1) Node 1 is starting and node 2 is down (or vice-versa):
   Take the resources. (If the primary is dead, do that via
mark_node_dead(). Else do that via req_our_resources())

2) Node 1 and node two are starting at the same time:
   Let's make both machine req_our_resources(). The primary (defined
in /etc/ha.d/haresources) will get his resources. If both machines
have resources defined in the file, each one will hold his own resources.

3) Node 1 is starting and node 2 has no resources:
   Just like the above (#2).

4) Node 1 is starting and node 2 has (his) local resources:
   Let's ask for our local resources. (req_our_resources()).

5) Node 1 is starting and node 2 has both local and foreign (all) resources:
   Do nothing. :)

   Note that if you have more than two nodes, this may work. But as I
said before, this is just to use before the API is ready. :)

   The possible resources_held messages are: "I don't hold resources",
"I hold local resources", "I hold foreign resources" and "I hold all
resources". I don't create lists of resources anymore. Just what kind
of resources I hold, if so.

   I agree with you about the sequence number in the messages. But if
a message take long to be retransmitted, it may confuse the
cluster. Anyway as this stuff is used only for the starting process,
it doesn't hurt anything.

   The mistake I found relates to resources_timer. It may fit in the
same place but may not be related to send_starting_now that happens in
the first ten seconds (only while ((now - starttime) <
RQSTDELAY) ). To fix it I've splitted the if into two ifs. :)

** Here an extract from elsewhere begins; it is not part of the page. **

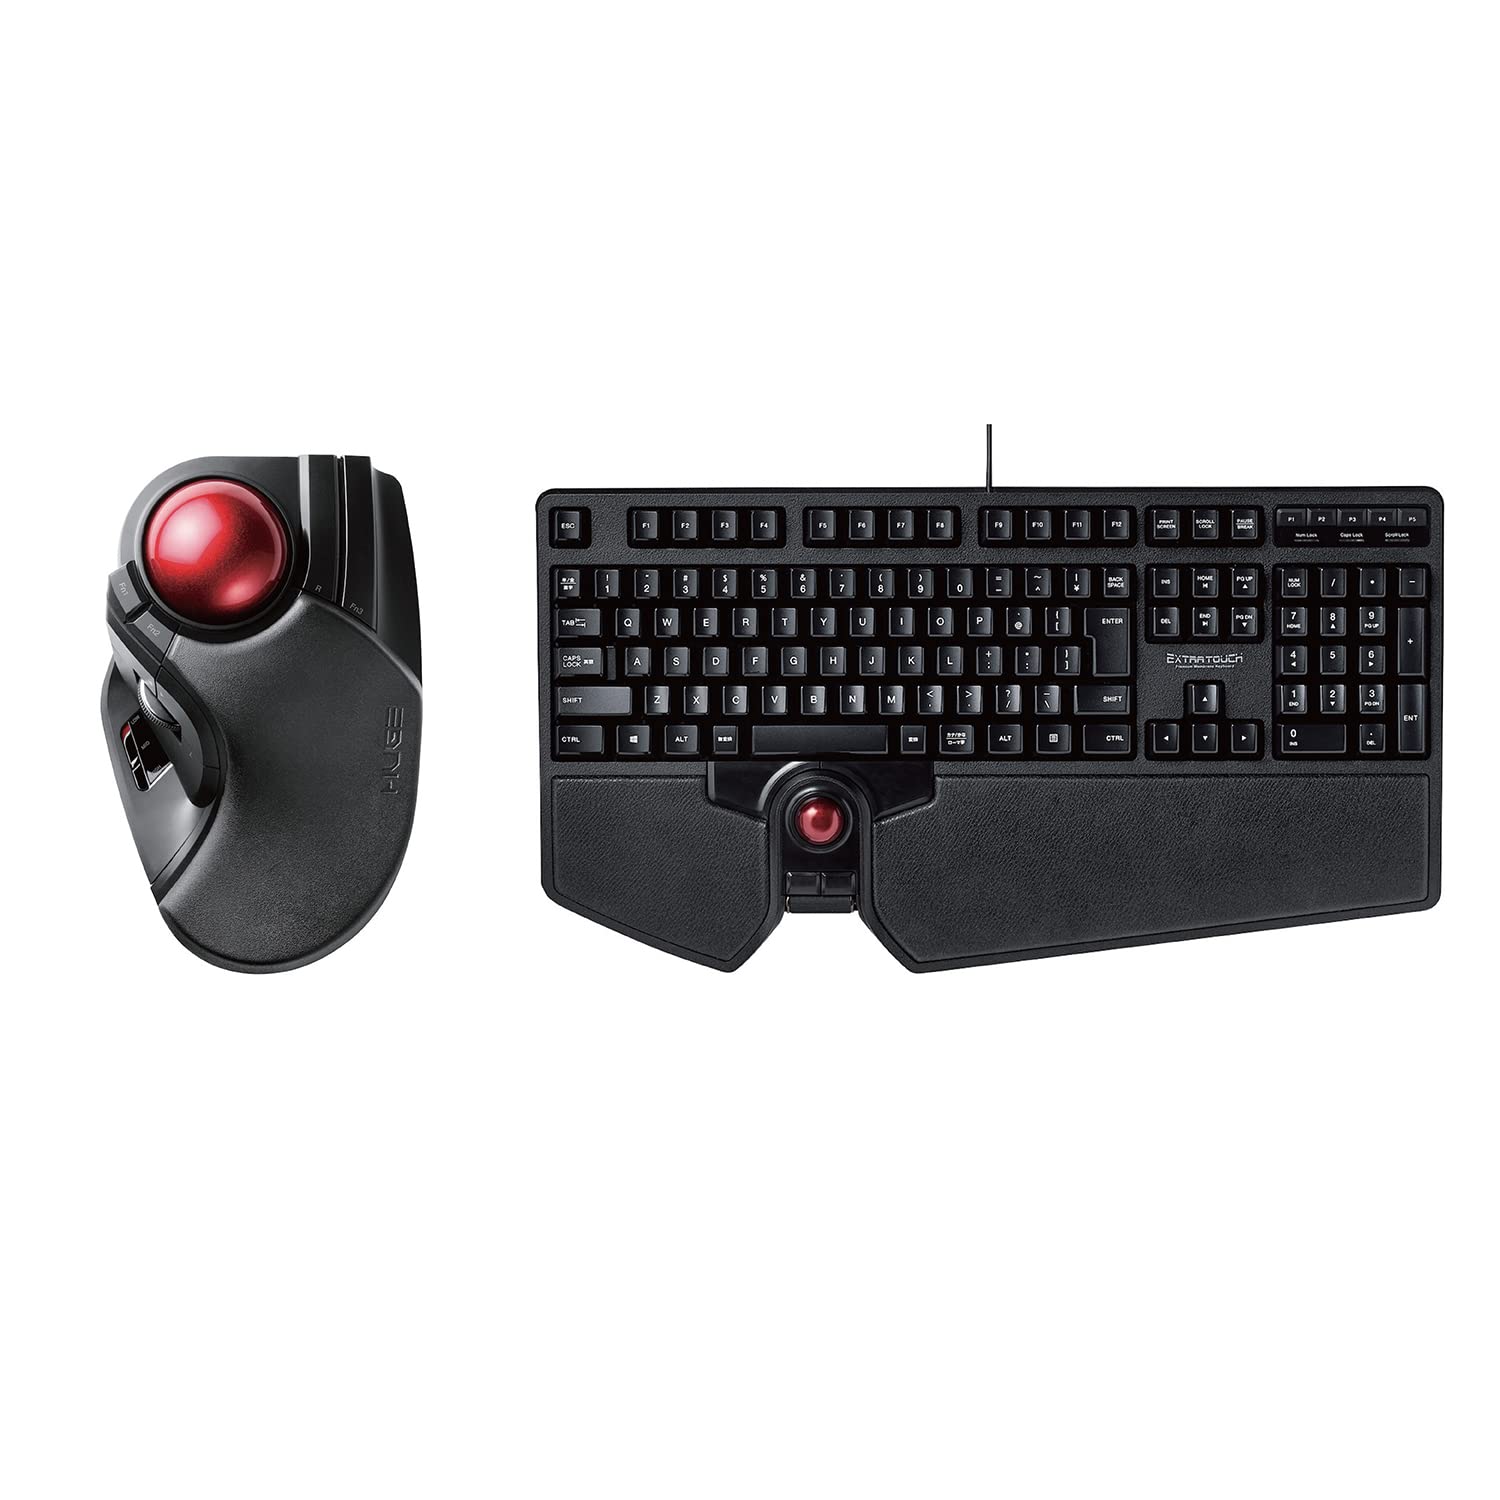 ELECOM 2.4GHz Wireless Finger-Operated Large Size Trackball Mouse & Wired Japanese Layout Keyboard with Built-in Optical Trackball Mouse & Scroll Wheel

   That's the way the new stuff works. I sent it to you to have a more
experienced oppinion. Thanks again! :)

							Luis

[ Luis Claudio R. Goncalves                  lclaudio@conectiva.com.br ]
[ BSc in Computer Science -- MSc coming soon -- Gospel User -- Linuxer ]
[ Fault Tolerance - Real-Time - Distributed Systems - IECLB - IS 40:31 ]
[ LateNite Programmer --  Jesus Is The Solid Rock On Which I Stand  -- ]